The Saratoga Sun -

Wee Folks needs wee folks


Wee Folks Day Training Center (Wee Folks), a nonprofit located at Miner Shopping Center in Hanna, is in danger of closing in the year to come after almost 50 years of helping pre-kindergarteners prepare academically and socially to enter public school systems in Carbon County.

Three Certified Development Association (CDA) educators, plus a Developmental Disability Program employee who serve children with special needs, teach 15 children Monday to Thursday 9 a.m. to 3 p.m.

The ages for children attending are between 2 and 5 years.

The school is licensed for 40 students. In the years Head Start was a part of Wee Folks, the center was at full capacity. Three years ago, the Head Start program was canceled because not enough students qualified.

Lois Buchanan, member of the Wee Folks board and Beth Kostovny, teacher at Wee Folks for 20 years, both said losing Head Start hurt the school.

Though the school costs about a third of what Saratoga and Rawlins charge for tuition, the quality education provided is comparable, says Buchanan.

Wee Folks is the only child care facility in the northern end of Carbon County School District 2.

“There is no daycare in Medicine Bow or Elk Mountain,” said Buchanan. “We just don’t think everyone knows in those towns, and even Hanna to some degree, what we offer.”

Wee Folks has five board members. All are committed to keeping the school open to help the children in the community said Buchanan.

“We know there are children out in the area we can help prepare for school. Our feeling is whether it is one child or 40 children, the teachers here can make a difference,” said Kostovny.

The center works closely with Hanna’s kindergarten. Activities are age appropriate, so when children get close to kindergarten age, the teachers prepare those students for the transition.

“I have been told by teachers in the public system, they can tell when a child came from. Wee Folks works because the kids are ready to learn,” said Kostovny.

“We do pre-testing at the end of the year for kindergarteners to be, which helps the public school a lot.”

Wee Folks Training Center is looking into utilizing the Hanna Recreation Center next year for occasional field trips.

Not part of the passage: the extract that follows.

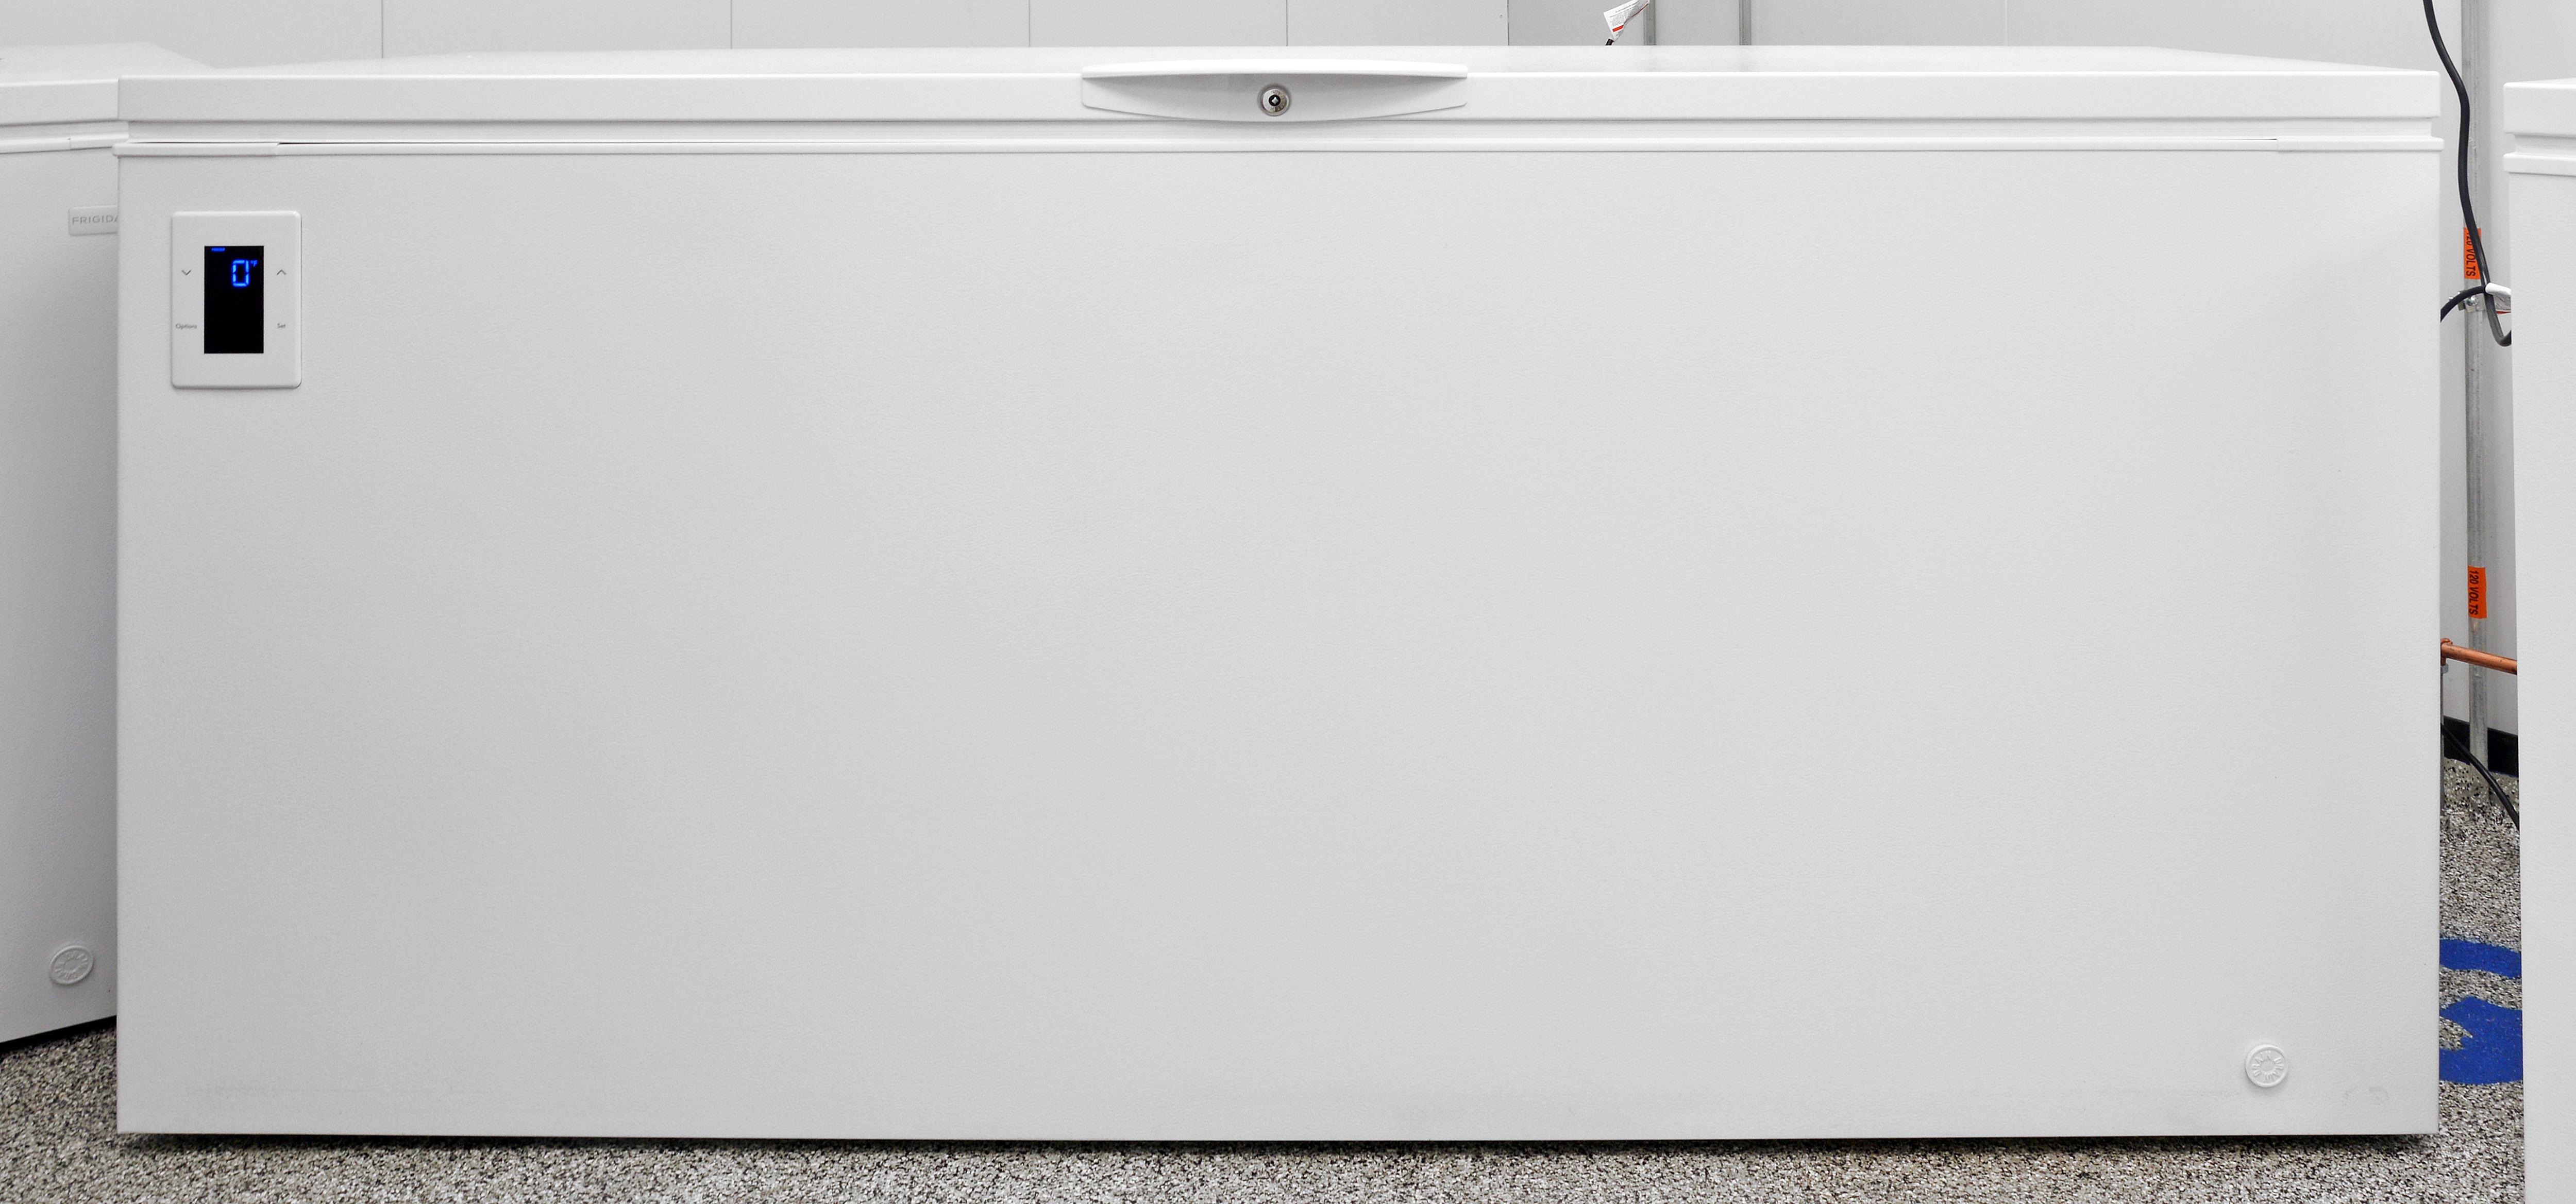 Kenmore Elite 17202 Freezer Review Reviewed Com Freezers

A day starts out with children picking out their activity and snack from 9 a.m. to 10 a.m. says Kostovny, leading into a circle where stories and music are shared until 11 a.m. Then students are divided into age groups and taught different subjects ranging from art to units of discovery.

“Right now in discovery we are doing the ocean. We have the kids put on goggles and we show them pictures of marine life,” explained Kostovny.

Noon is lunch at 1 p.m. some children go home while the students who are left take a nap. The rest of the afternoon can be varied, with physical activities or recognition exercises with numbers and letters says Kostovny.

“It is important to set routines because children need to know what to expect because this builds security and confidence which is so important when going into public education.” said Kostovny.

Parents once a month meet with Wee Folks staff to go over their child’s progress.

Wee Folks does get financial assistance in different ways. The United Way gives a grant, the town of Hanna contributes money and the buildings landlord Tri-Vest, owned by Everett Grubb of Saratoga, has been generous with his help said Buchanan.

“He has been fabulous,” said Kostovny.

“I don’t know what we would have done without him,” said Buchanan.

They acknowledge most grants don’t fit their needs. Often grants available for schools like Wee Folks offer money for toys and playground equipment, of which the school has plenty.

Community raffles, fundraisers, such as one featuring tamales and another selling pies, have been held to supplement funds the school doesn’t get due to budget cuts.

Both Kostovny and Buchanan have praise for the people in the community that have helped the center over the years. They worry new families moving into Carbon County don’t know about Wee Folks and what the school offers.

This makes both Kostovny and Buchanan fear without more students coming in, Wee Folks Training Center could be closed.

“It would be a real loss for the community,” says Kostovny.

Buchanan used an axiom to sum up her feelings about the possible closure, “You never want a drink until the water is gone.”